» Exercise directions:
Look for the string "Black" in the listing below and copy every line in which it appears.

__________________________________________________

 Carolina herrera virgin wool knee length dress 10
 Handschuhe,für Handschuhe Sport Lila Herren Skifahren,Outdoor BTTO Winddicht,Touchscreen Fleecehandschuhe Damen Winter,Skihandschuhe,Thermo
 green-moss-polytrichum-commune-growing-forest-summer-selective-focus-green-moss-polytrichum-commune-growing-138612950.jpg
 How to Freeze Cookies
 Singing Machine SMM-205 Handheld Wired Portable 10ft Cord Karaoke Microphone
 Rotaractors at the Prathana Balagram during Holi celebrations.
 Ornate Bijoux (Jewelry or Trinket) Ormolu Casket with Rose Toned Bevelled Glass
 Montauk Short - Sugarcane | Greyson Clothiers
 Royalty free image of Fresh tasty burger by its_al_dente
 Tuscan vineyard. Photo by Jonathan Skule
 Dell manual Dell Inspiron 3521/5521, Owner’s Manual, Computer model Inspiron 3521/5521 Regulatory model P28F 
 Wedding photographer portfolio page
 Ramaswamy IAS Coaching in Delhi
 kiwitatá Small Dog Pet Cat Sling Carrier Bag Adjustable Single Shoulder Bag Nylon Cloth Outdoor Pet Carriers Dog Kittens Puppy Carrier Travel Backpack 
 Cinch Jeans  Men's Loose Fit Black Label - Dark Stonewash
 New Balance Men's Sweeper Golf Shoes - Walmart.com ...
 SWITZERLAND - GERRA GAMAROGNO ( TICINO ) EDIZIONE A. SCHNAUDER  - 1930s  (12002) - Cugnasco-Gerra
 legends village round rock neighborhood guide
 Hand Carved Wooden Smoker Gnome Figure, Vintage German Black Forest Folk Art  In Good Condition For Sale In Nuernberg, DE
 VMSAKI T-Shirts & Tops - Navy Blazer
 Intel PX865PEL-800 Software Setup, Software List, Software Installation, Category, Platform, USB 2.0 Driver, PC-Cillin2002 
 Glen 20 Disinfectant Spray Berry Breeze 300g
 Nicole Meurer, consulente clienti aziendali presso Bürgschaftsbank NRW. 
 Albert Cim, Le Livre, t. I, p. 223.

__________________________________________________

» Finished exercise:
 Cinch Jeans  Men's Loose Fit Black Label - Dark Stonewash
 Hand Carved Wooden Smoker Gnome Figure, Vintage German Black Forest Folk Art  In Good Condition For Sale In Nuernberg, DE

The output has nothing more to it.